All Confidential Information is provided “AS IS,” without any warranty of any kind. Recipient recognizes and agrees that nothing contained in this Agreement shall be construed as granting it any property rights, by license or otherwise, to any Confidential Information, or to any invention or any patent, copyright, trademark, or other intellectual property right that has issued or that may issue, based on such Confidential Information. Recipient shall not make, have made, use or sell for any purpose any product or service or other item using, incorporating or derived from any Confidential Information, nor make any filings or registrations based on the receipt or use of the Confidential Information, absent separate written approval of Company.
Confidential Information shall not be reproduced in any form. Any reproduction of any Confidential Information shall remain the property of Company and shall contain any and all confidential or proprietary notices or legends which appear on the original. Recipient agrees that any Company software programs contain valuable confidential information and agrees that it will not modify, reverse engineer, decompile, create other works from, or disassemble any software programs contained in the Confidential Information without the prior written consent of Company.

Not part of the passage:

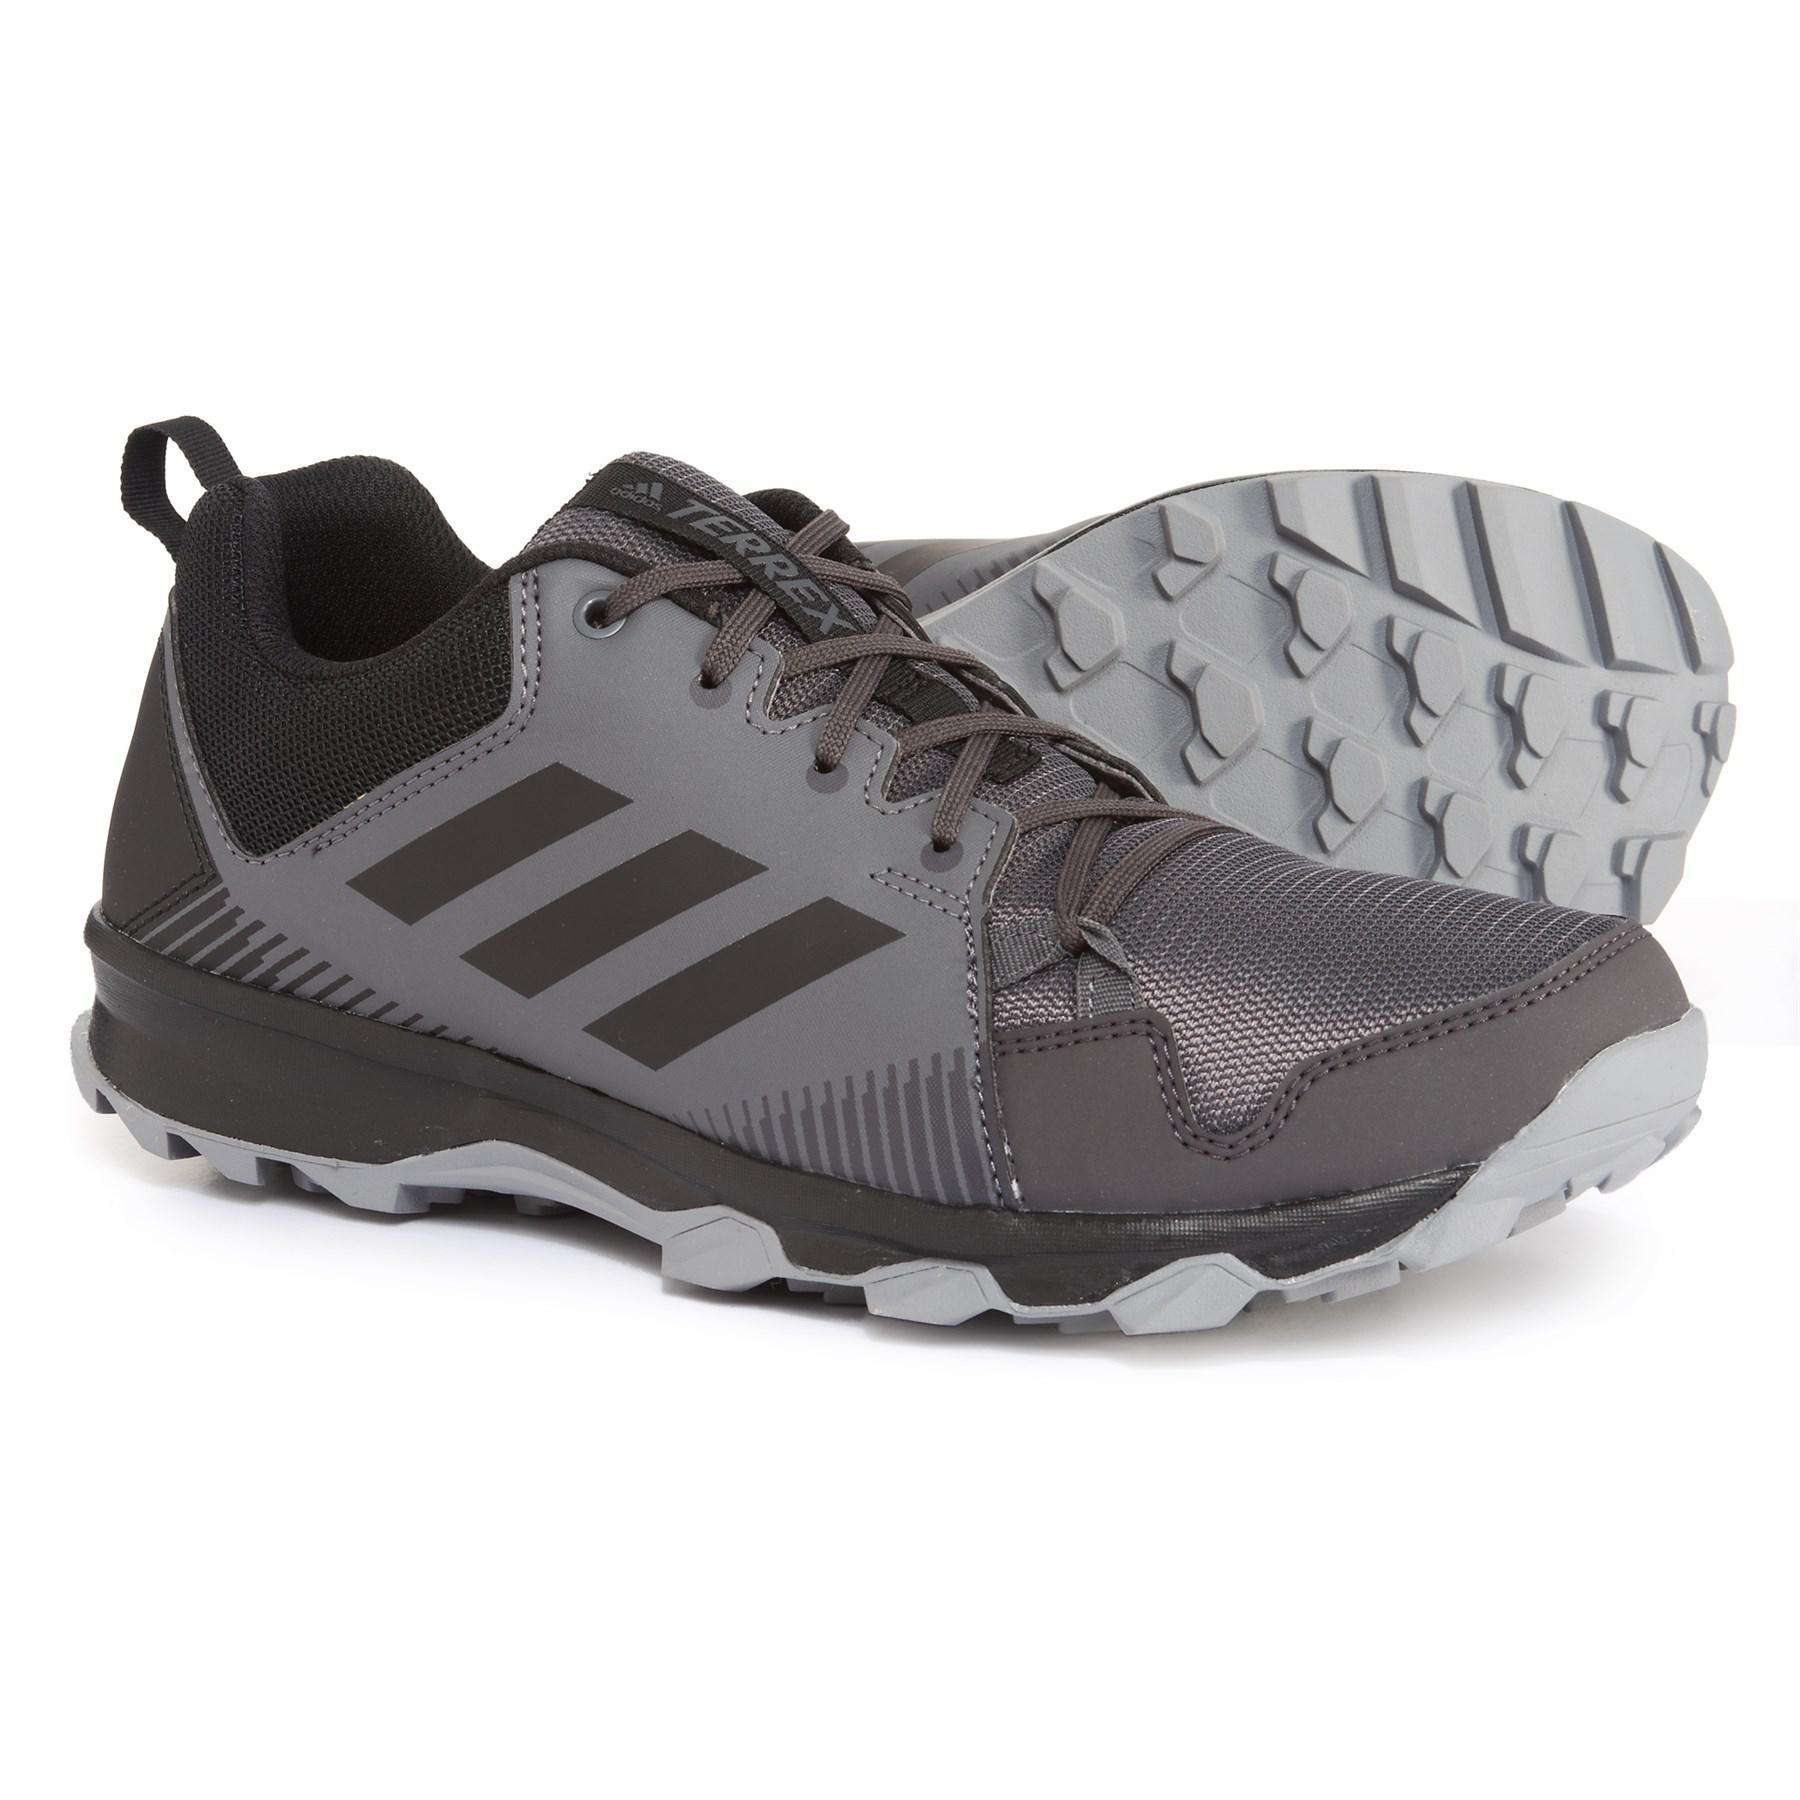 Lyst - Adidas Tracerocker Trail Running Shoes (for Women) in Black 326ac0ac8

This Agreement shall terminate three (3) years after the Effective Date or may be terminated by either party at any time upon thirty (30) days written notice to the other party; provided, however, Recipient’s obligations under this Agreement shall survive termination of the Agreement between the parties and shall be binding upon the Recipient’s heirs, successors and assigns. Upon termination or expiration of the Agreement, or upon written request of Company, Recipient shall promptly return to the Company all documents and other tangible materials representing the Confidential Information and all copies thereof.

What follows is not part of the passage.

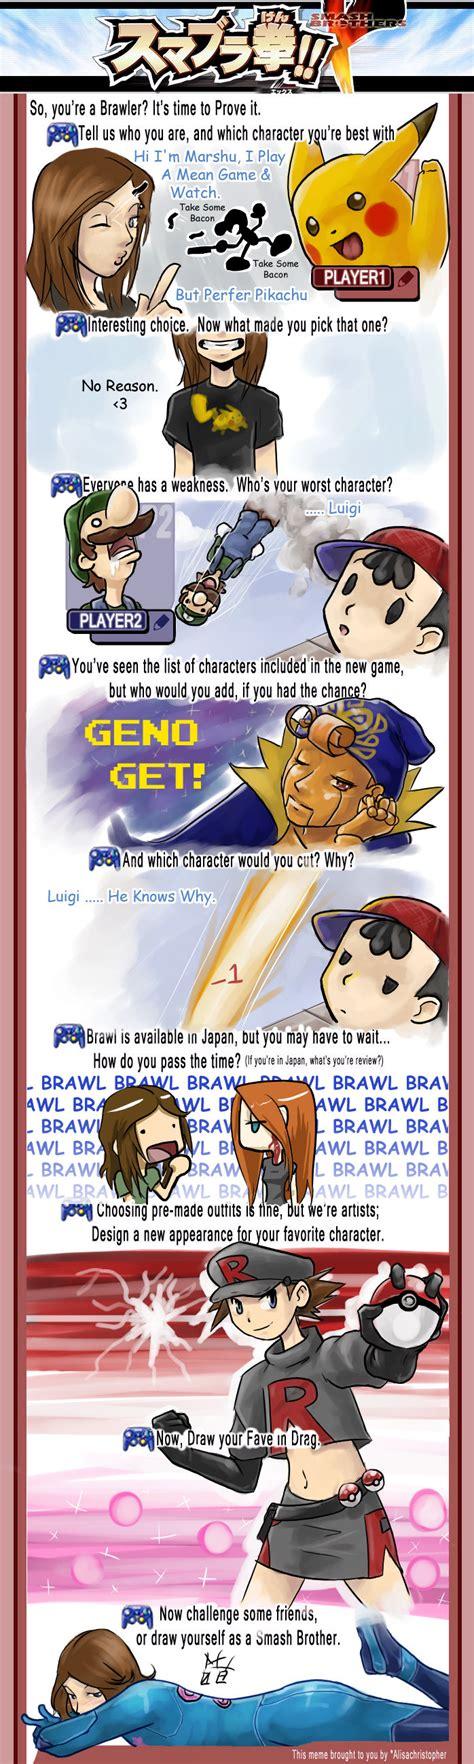 Super Smash Bros Memes - super smash bros brawl meme www imgkid com the image kid has it

This Agreement shall be governed by the laws of New York without reference to conflict of laws principles. This Agreement may only be amended by a writing signed by both parties hereto. If any provision of this Agreement is found by a proper authority to be unenforceable or invalid, such unenforceability or invalidity shall not render this Agreement unenforceable or invalid as a whole and in such event, such provision shall be changed and interpreted so as to best accomplish the objectives of such unenforceable or invalid provision within the limits of applicable law or applicable court decisions. Recipient agrees that upon Company's request, all disputes arising hereunder shall be adjudicated in the state and federal courts having jurisdiction over disputes arising in the borough of Manhattan, New York, and Recipient hereby agrees to consent to the personal jurisdiction of such courts. Recipient will not assign or transfer any rights or obligations under this Agreement without the prior written consent of Company. Any such assignment without prior consent shall be null and void from the beginning. Recipient shall not export, directly or indirectly, any technical data acquired from Company pursuant to this Agreement or any product utilizing any such data to any country for which the U.S. Government or any agency thereof at the time of export requires an export license or other governmental approval without first obtaining such license or approval. This Agreement may be executed in one or more counterparts, each of which shall be deemed an original and all of which together shall constitute one instrument. All notices or reports permitted or required under this Agreement shall be in writing and shall be delivered by electronic mail and shall be deemed given upon delivery. Notices shall be sent to the addresses set forth at the beginning of this Agreement. The Agreement sets forth the complete, exclusive and final statement of the agreement between the parties as to the Purpose and supersedes all prior and contemporaneous agreements, understandings, negotiations and discussions, whether oral or written, between the parties regarding such subject matter.